La Confesion del Rey David
El Hijo de Dios murió por tus culpas en una cruz, él dijo: “Venid a mi todos los trabajados y cargados, que yo os haré descansar”.
“Entonces dijo David a Natán: pequé contra Dios… (2 Samuel)
La tarde moría arrobada en excitante tibieza, la polvareda distante evidenciaba el ejército de Israel que marchaba hacia su enfrentamiento con las huestes de Amón.
La ciudad de Jerusalén lucía en todo su esplendor, sobre el terrado de su palacio el rey David contemplaba extasiado las almenas de su mundo.

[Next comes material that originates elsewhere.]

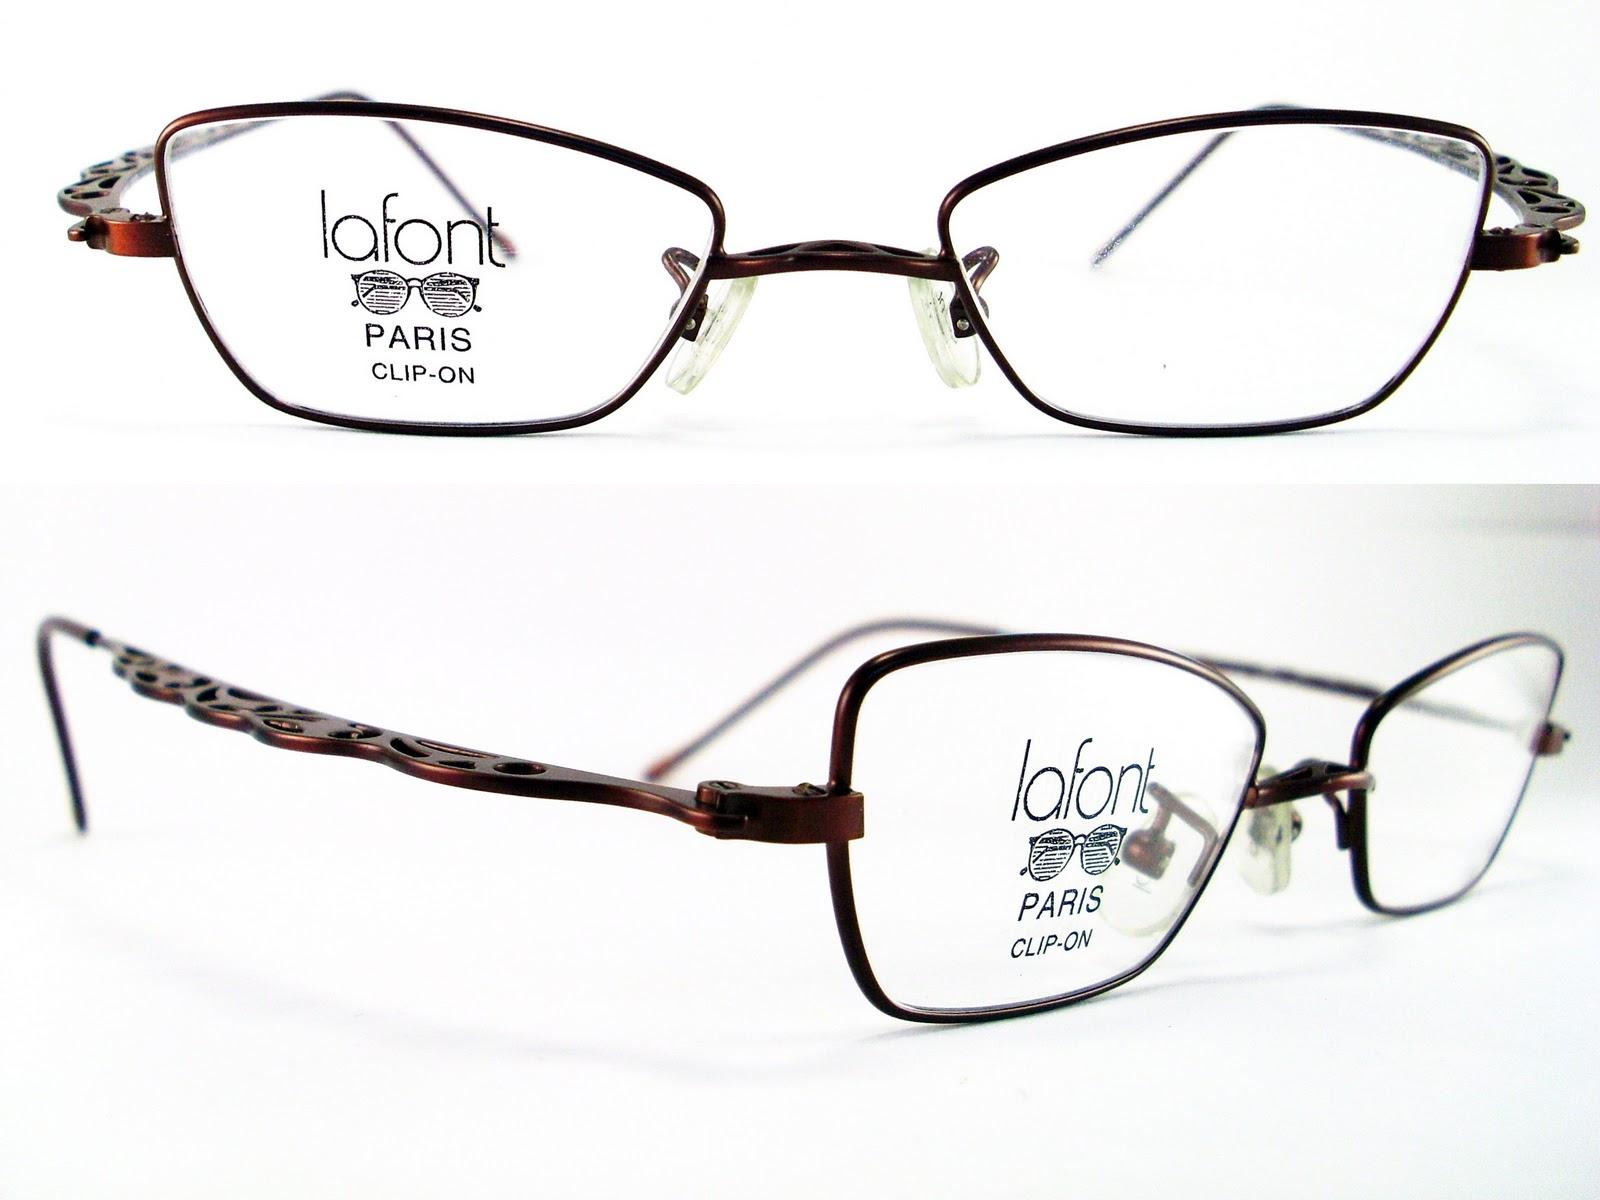 Jean lafont eyeglasses frames - Vintage Eyeglass Frame In Excellent Vintage Condition Total Width 4 5 8 Arms 5 3 4 Height 1 Lense Width 1 3 4 Size 43 14 Jean Lafont Paris

Atrás quedaba una historia de audacia y victoria. Ahora, descansando en sus triunfos de ayer, cometió el error de no cabalgar al frente de sus hombres sino quedarse a saborear el peligroso deleite del quietismo.
Su mirada giró lentamente en torno suyo, sus ojos agudos se posaron sobre una mujer que, ajena a la mirada sensual del monarca, se bañaba inocente en su casa.
Ese fue el primer paso, el primer peldaño en la escala de degradación que sumió al rey poeta en el caos espiritual que afeó su vida y manchó la gloria de su reino. El adulterio, el crimen pasional, la intriga, la vergüenza escondida fueron consecuencias de una mirada plena de lascivia y pecado.
El tiempo pasó, su miseria quedó en secreto, un hijo vino al mundo, el sol volvió a brillar, la brisa del olvido cicatrizó las heridas, la política del reino absorbió su tiempo, la impunidad de su crimen parecía definitiva.
Pero, cuando menos lo esperaba, llegó para entrevistarse con él un hombre de Dios. Sus palabras mesuradas y serenas no perturbaron inicialmente a David.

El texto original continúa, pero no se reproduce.